(I try to avoid "difficult" horses and prefer horses that are forgiving and like me
)
However, this is the theory that comes to mind IMO:
I think the basic thing is the bond that horses naturally develop with their companions. They want a bond, with friends and with the herd.
A) If a horse is so uninterested that they won't interact, one thing to do is the "walking down" from behind (Zone 5 in PNH, also a native technique, also Carolyn Resnick uses it).
If they look at you, you reward by releasing your "pressure" (take your eyes and energy away from them). This builds toward them actually facing you. If you are so uninteresting that they ignore you, get in range and slap the ground, influence the air/energy, or pop them on the butt (not with a lunge whip - that is too painful). That made you more interesting!
If you are doing this with an aggressive or very dominant horse, don't be in range of retaliation - outside the fence would be safer.
What you have to be able to do is read the horse - them looking at you can be very, very subtle - most people would miss it which would miss the opportunity.
Then your body movements and postures will very subtly influence the horse, you have to know what your body is saying (i.e. shoulder may be blocking a direction). Or are you looking at their head, when possibly looking at their hip or tail might be what you want? (The best way through this is "the horse is your teacher" - when you do something, what does your horse do? - that is your influence.)
I've been working a lot at liberty in the last year, which is quite interesting. My mini would usually rather eat when grass is available (although I've fixed that somewhat) and will scream with rage when I put pressure on (even when only slapping the ground she takes it as a threat). A round pen can be too confining - too much pressure too fast. In a paddock or smaller field, there is room for moving around.
B) If the horse puts his butt to you and will not look at you, one way to gain interest is to put yourself first in one eye - when you get a glance or a look, then put yourself (staying in same area behind the horse) in the other eye. Each time you get the glance, then the turn of the head, you would first turn away (take pressure off). You would go from eye to eye. Sometimes they won't allow you in the other eye, so you have to persist until you can get there. Eventually they will start to turn toward you - you have become interesting to them.
C) An undemanding way of creating the bond of companionship with a horse is just to spend time in his presence without having any agenda. PNH calls it Undemanding time, Carolyn Resnick calls it Sharing Territory. It takes patience to do that, but pays off big time.
IMO the most important thing is learning how to read the horse's smallest indications, and learning what your own indications (small or large, depending on your skill level) create in the horse.
I'm not a teacher and people don't pay much attention to me, but I watch people (even myself) and their aids are far too heavy.
People often say a horse can feel a fly land on them (or just flying above the hair). I say humans can feel a hair fall on their skin - at least I can, so I assume others can. If the horse can feel the lightest touch, and humans can feel it, why not take advantage?
My riding horse that I recently sold sometimes (when I was not sloppy) would follow the direction of my eyes, because that subtly influences my own balance and muscles.
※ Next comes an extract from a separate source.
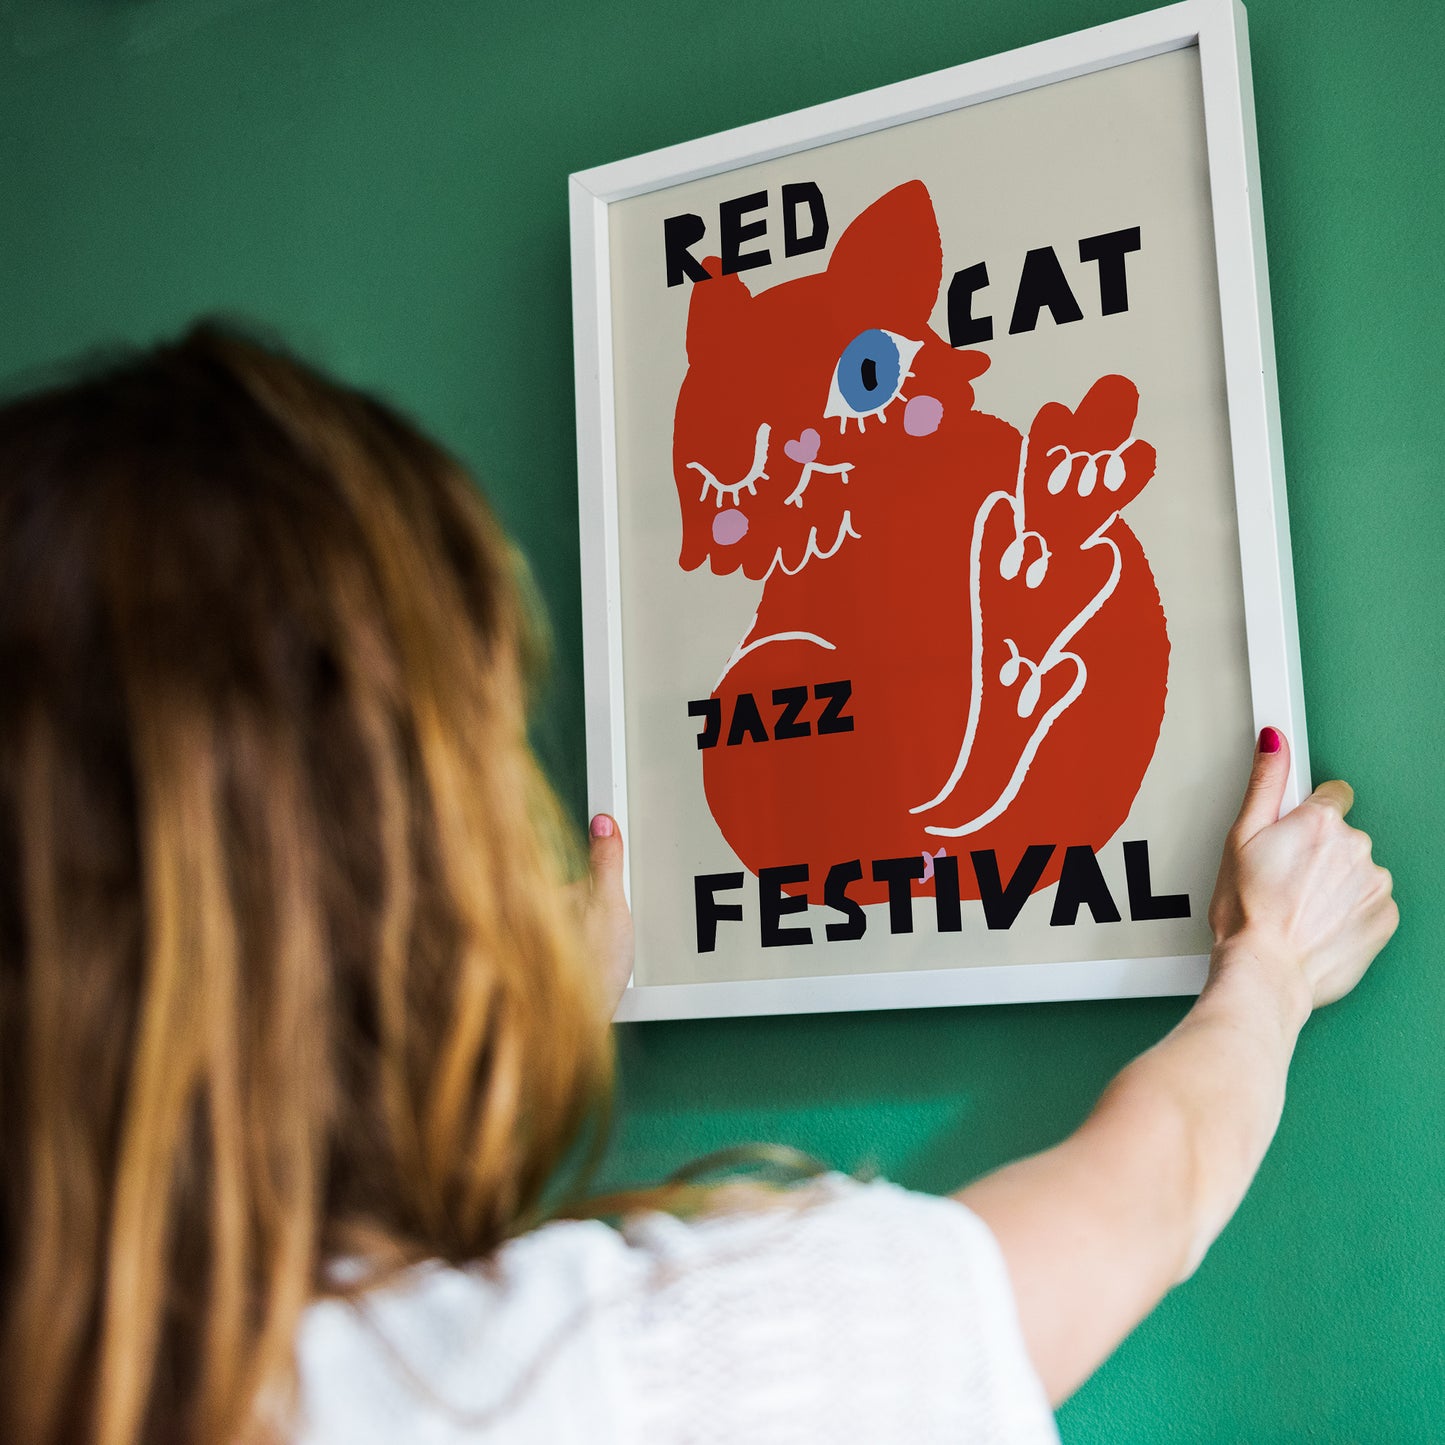 Red Cat Jazz Festival

My previous horse could be influenced by my thought, because that apparently affected my body balance and muscles, which he felt.
I think in driving, if you have subtle contact on the reins, then the change in direction in your eyes would affect the feel on the reins. That is unless you have developed a horse that only responds to a heavy feel.
Parelli uses the 4 phases of feel - phase one as light as touching the hair.
IMO a true phase one is thought. Ray Hunt said to visualize first what you want.
Well I could blather on, hope it is in line with what you were mentioning. However my sheep and goats are on the lawn so I have to go.